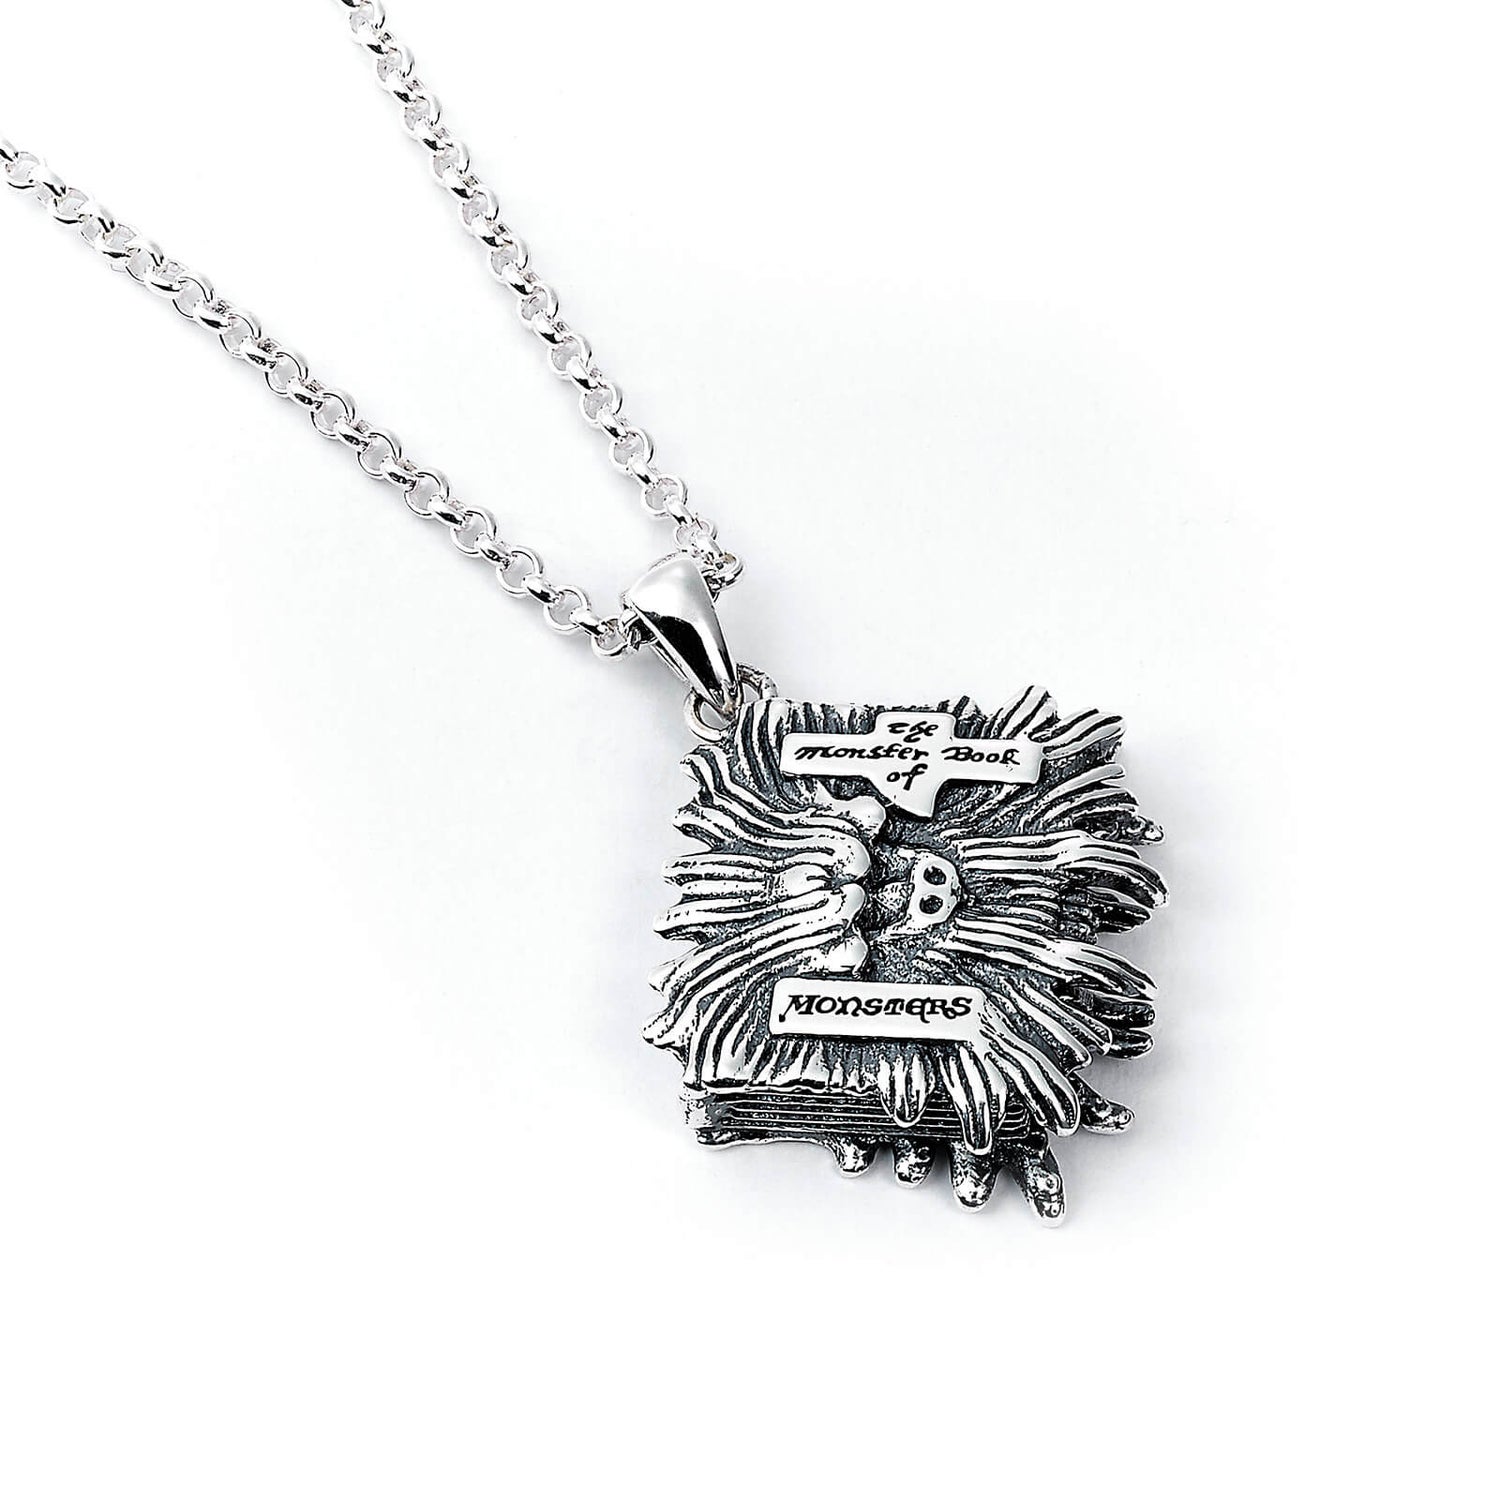 Harry Potter Monster Book Charm Necklace - Silver
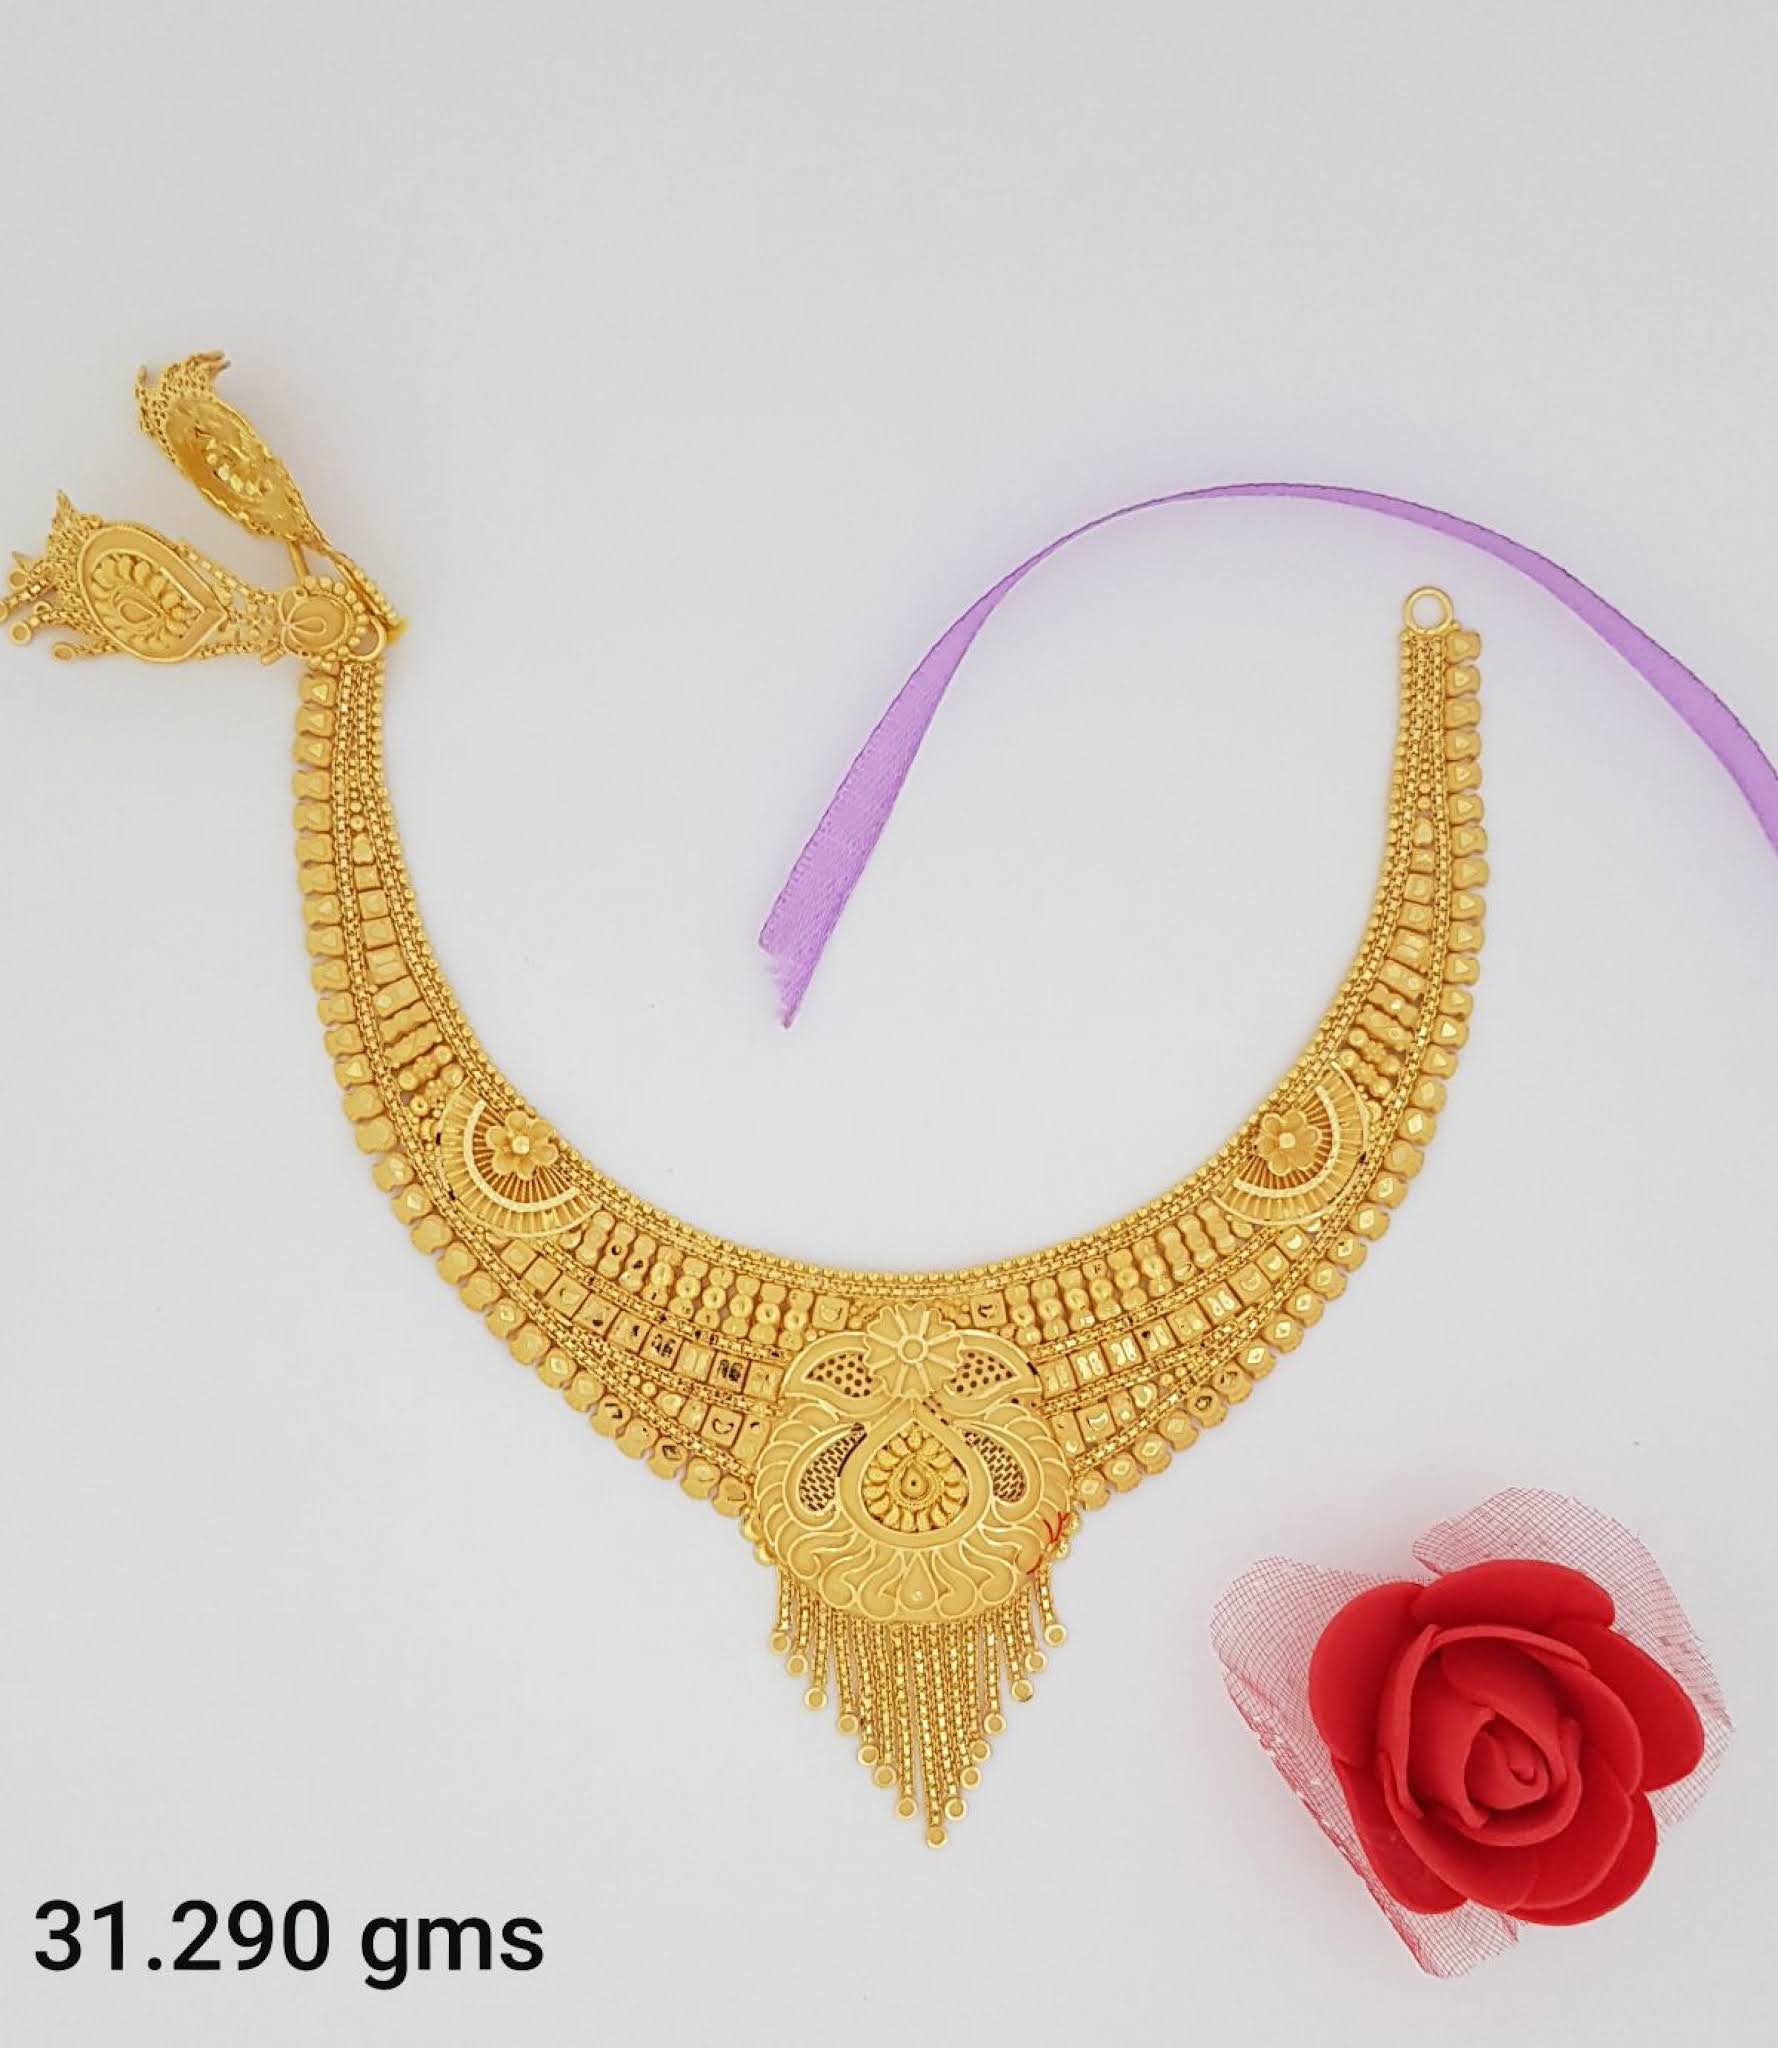 latest 22kt light weight gold necklace designs with weight , necklace for bridal wedding
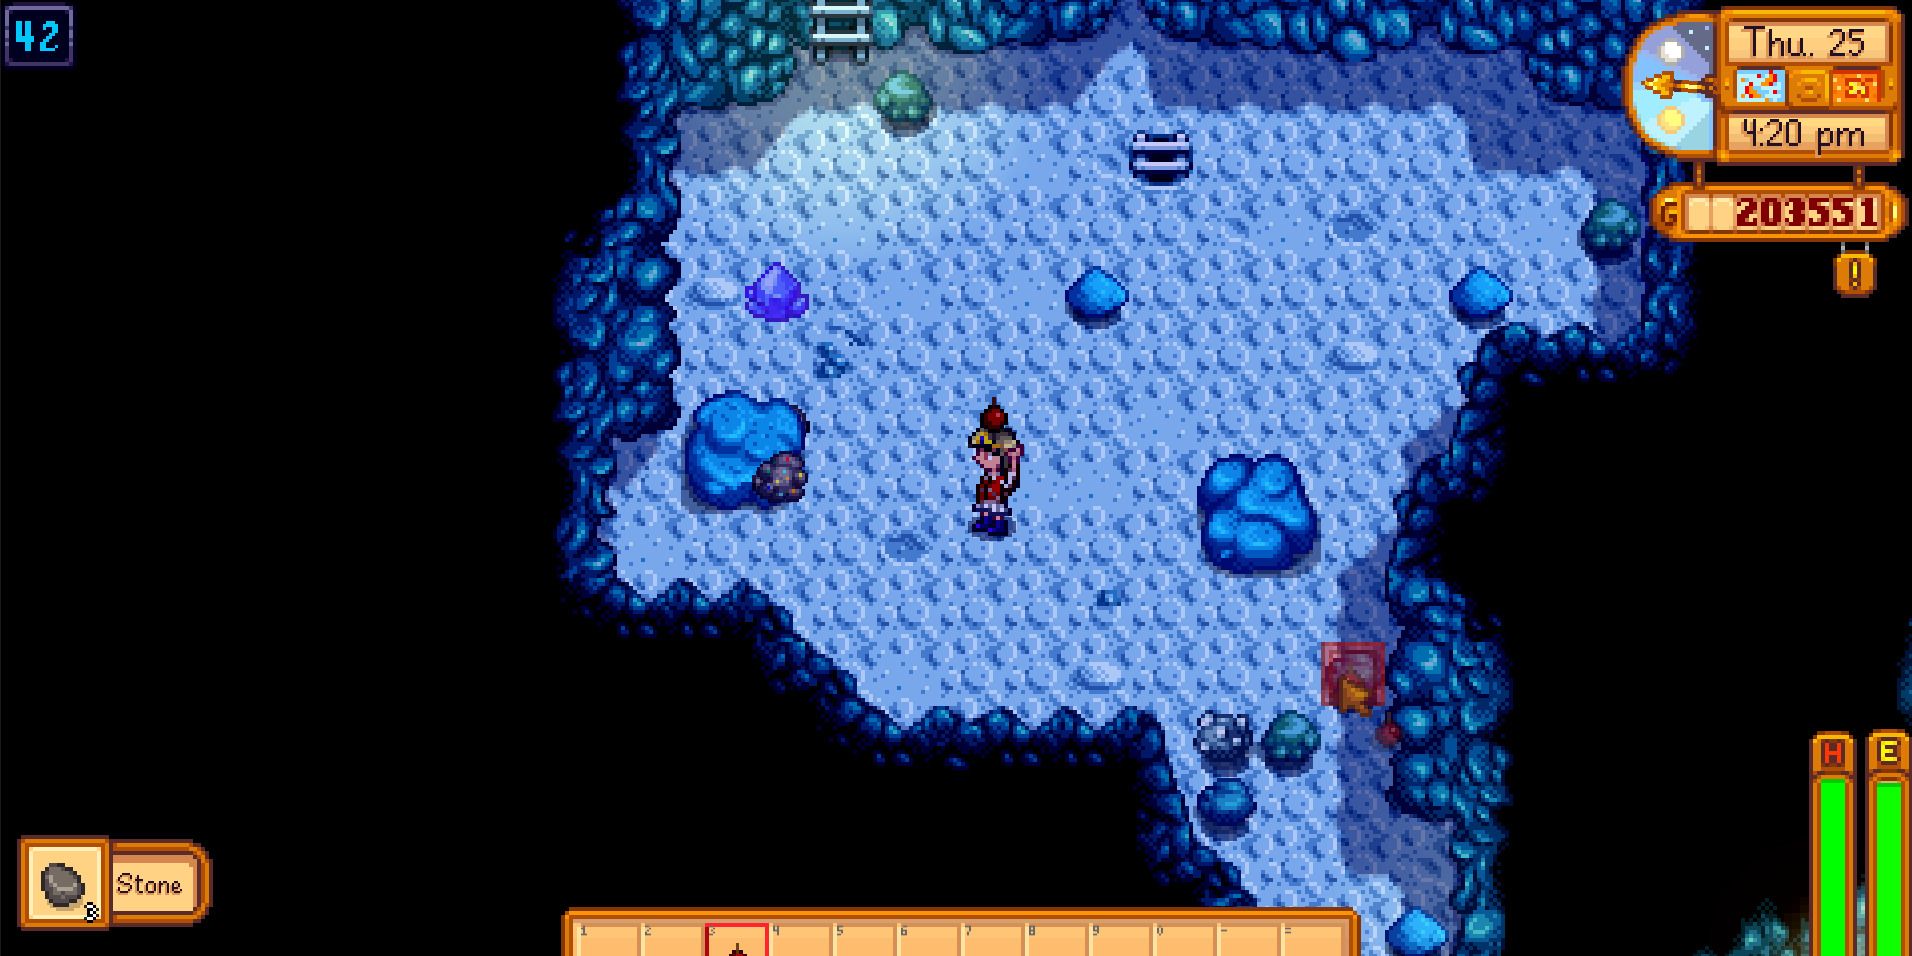 Image of a character finding an Omni Geode in the mines in Stardew Valley

- _Work instructions_
Quote the data exactly, leaving every image out of the copy.

- _Answer for this exercise_
 Harry Potter Monster Book Charm Necklace - Silver
 latest 22kt light weight gold necklace designs with weight , necklace for bridal wedding
 Image of a character finding an Omni Geode in the mines in Stardew Valley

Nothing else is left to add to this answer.